• _SUPPLIED DATA_
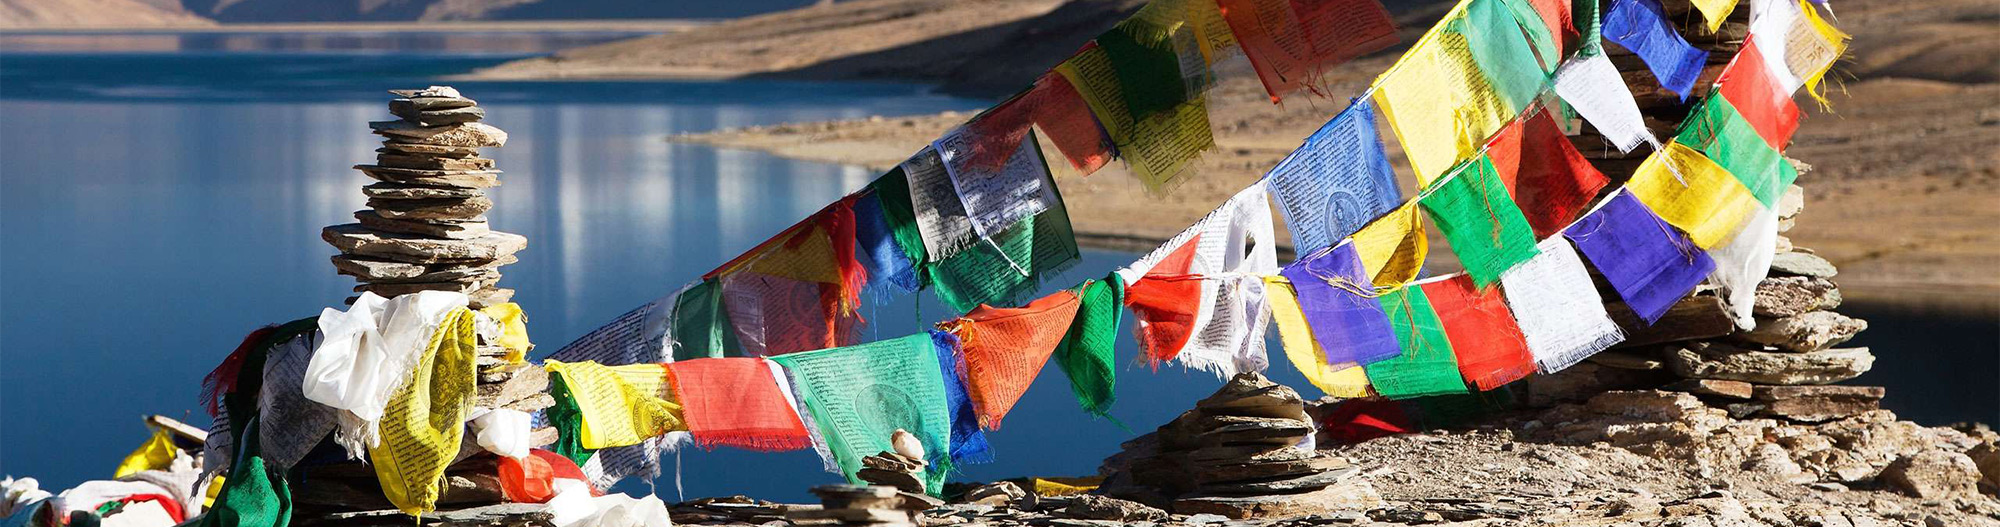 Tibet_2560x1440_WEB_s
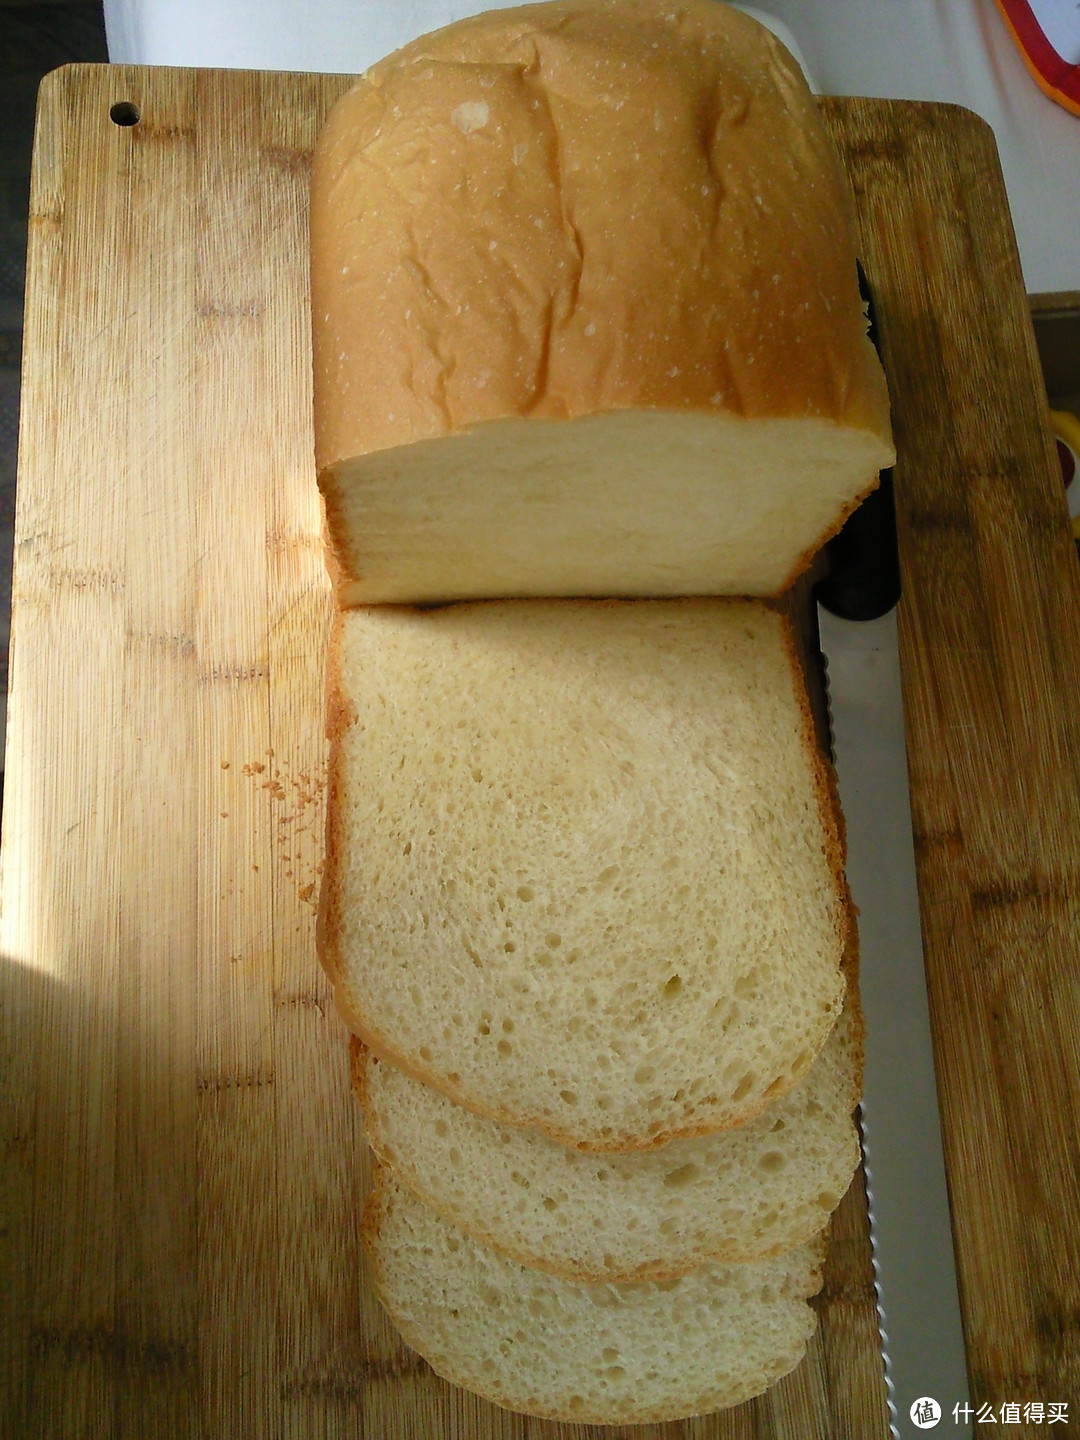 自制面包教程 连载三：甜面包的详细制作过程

--

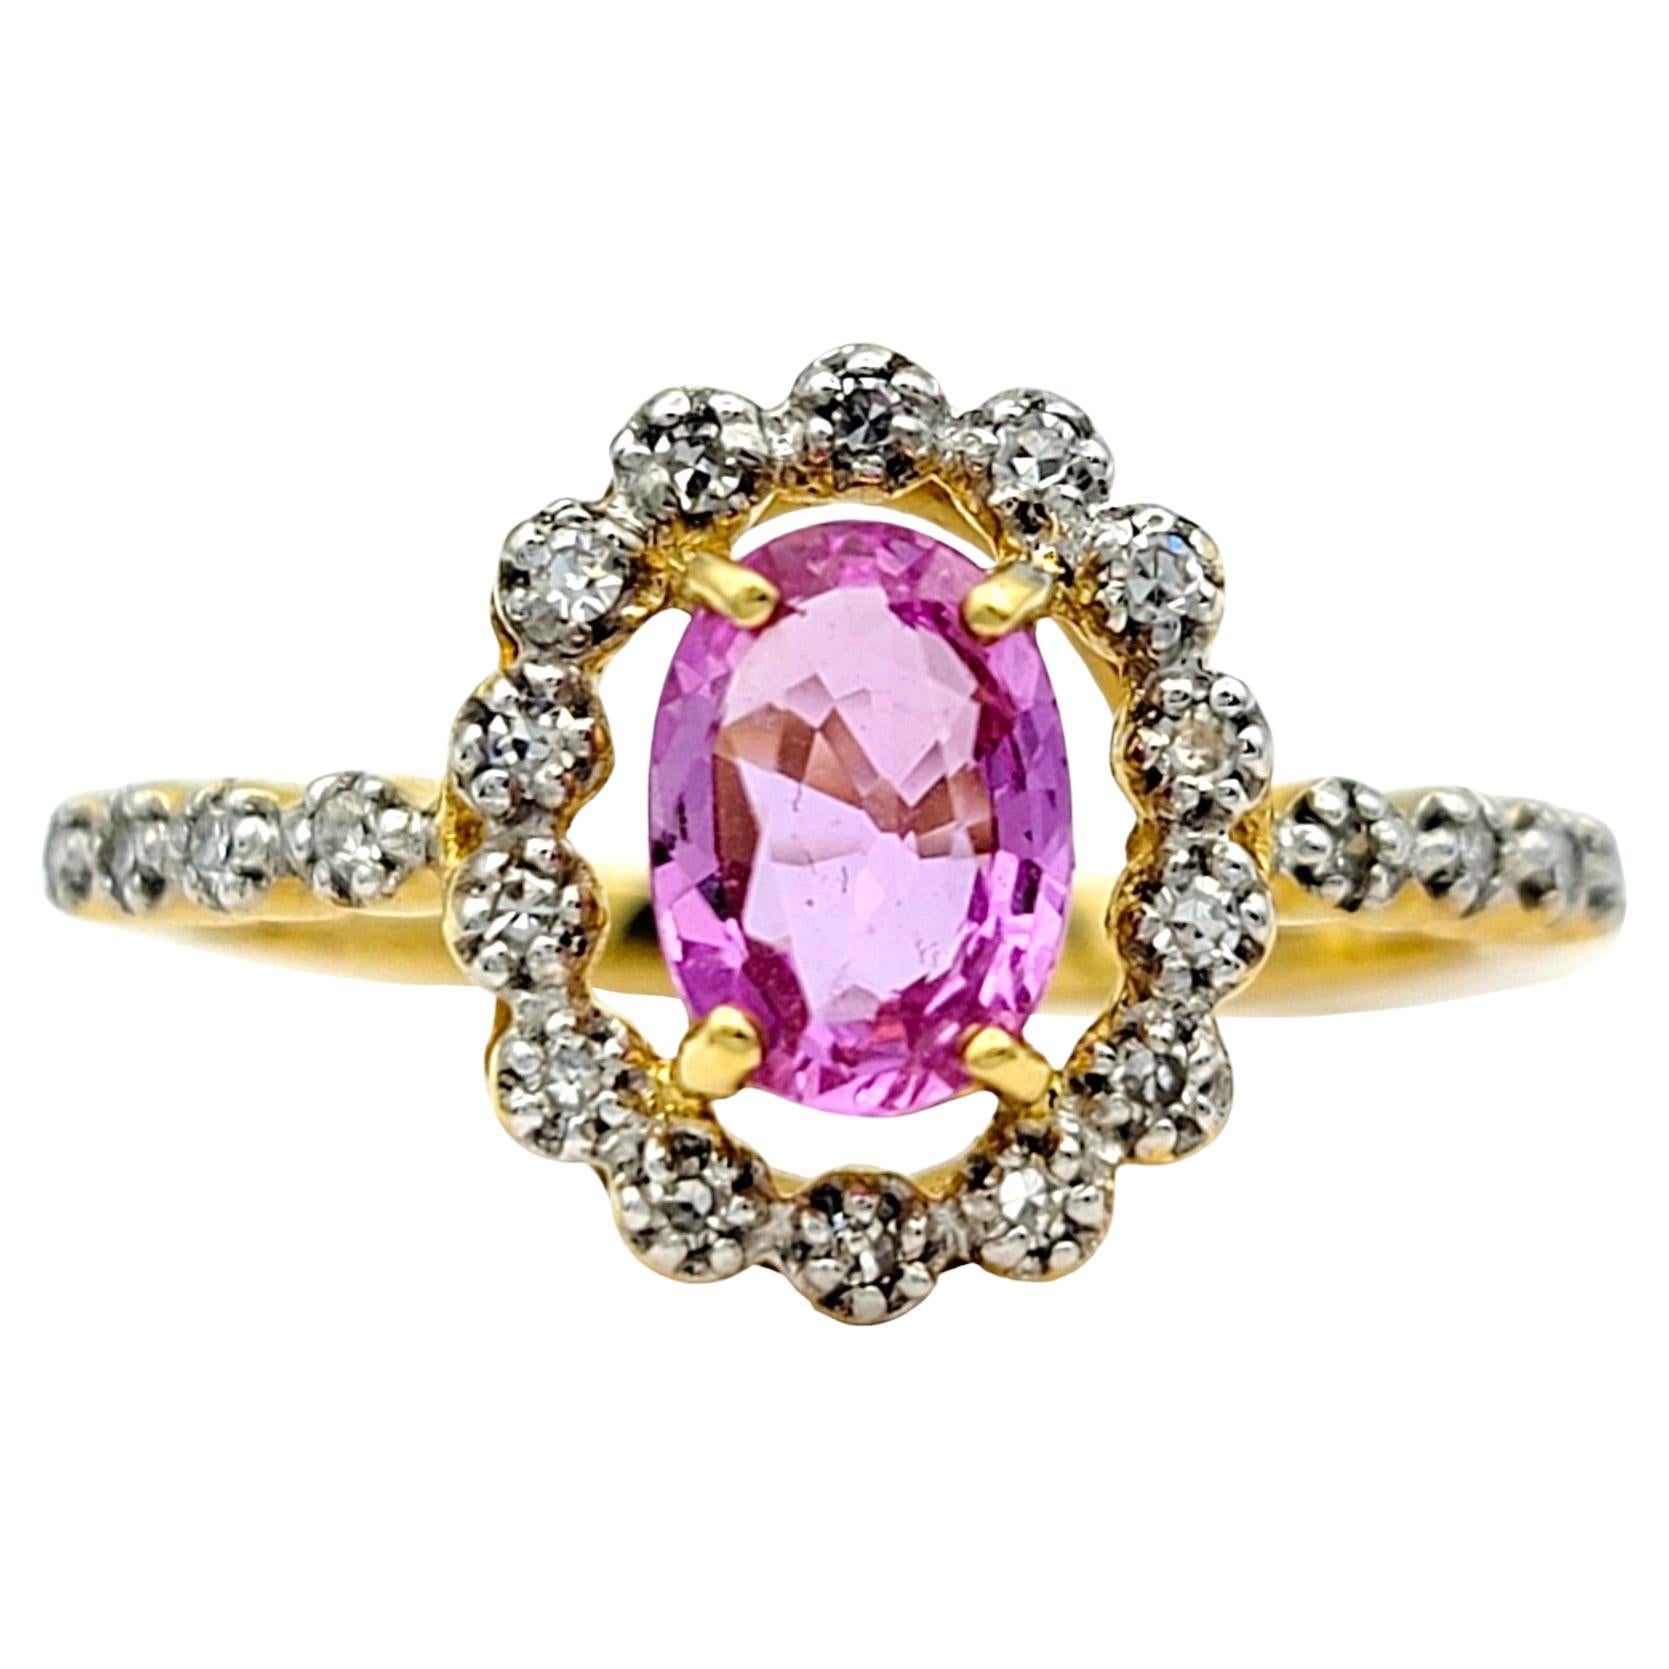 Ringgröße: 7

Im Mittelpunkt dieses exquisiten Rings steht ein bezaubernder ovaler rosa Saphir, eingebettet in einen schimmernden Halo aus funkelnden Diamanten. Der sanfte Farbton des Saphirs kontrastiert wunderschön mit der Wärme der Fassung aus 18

• _ASSIGNMENT_
Only the lines starting at the one with "Ringgröße: 7" and ending at the one with "Im Mittelpunkt dieses" should be printed, each exactly as it appears in the material above; the pictures are to be omitted.

• _PROBLEM SOLUTION_
 Ringgröße: 7

Im Mittelpunkt dieses exquisiten Rings steht ein bezaubernder ovaler rosa Saphir, eingebettet in einen schimmernden Halo aus funkelnden Diamanten. Der sanfte Farbton des Saphirs kontrastiert wunderschön mit der Wärme der Fassung aus 18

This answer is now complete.